Charles’s lessons have just begun. He repairs (probably a short distance south) to his club and then to Ma Terpsichore’s brothel, which can be located to the east of Mayfair in Soho. After leaving there, he meets a prostitute who leads him northeastward to her lodgings off Tottenham Court Road, near Warren Street. Later, after he breaks his engagement, he faces Mr. Freeman’s lawyers in chambers at the Inns of Court, located off the Strand.

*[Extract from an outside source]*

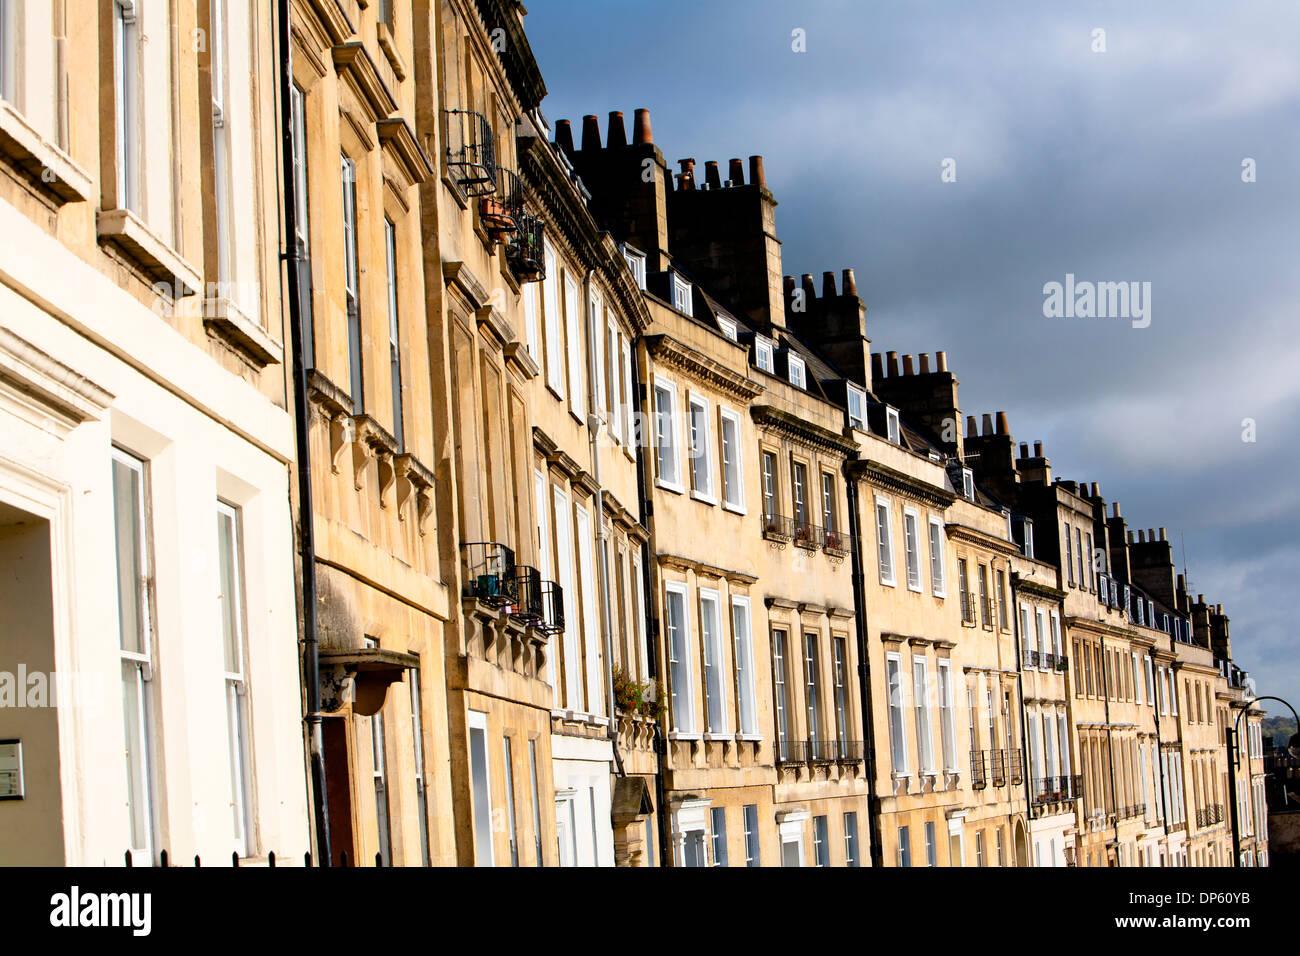 Row of Georgian Townhouses in Bath, England, UK - Stock Image

Several years later when he is told that Sarah has been found, Charles returns to London and goes to her address, 16 Cheyne Walk, home of the poet and painter Dante Gabriel Rossetti. Cheyne Walk is a newly fashionable street on the banks of the River Thames in Chelsea, southwest of the Houses of Parliament. Sarah has been taken up by the most vital and forward-looking artists of that time. At the very end of the novel, Charles, now bereft of all his illusions and old-fashioned assumptions, stands alone on the banks of the Thames, the river of life.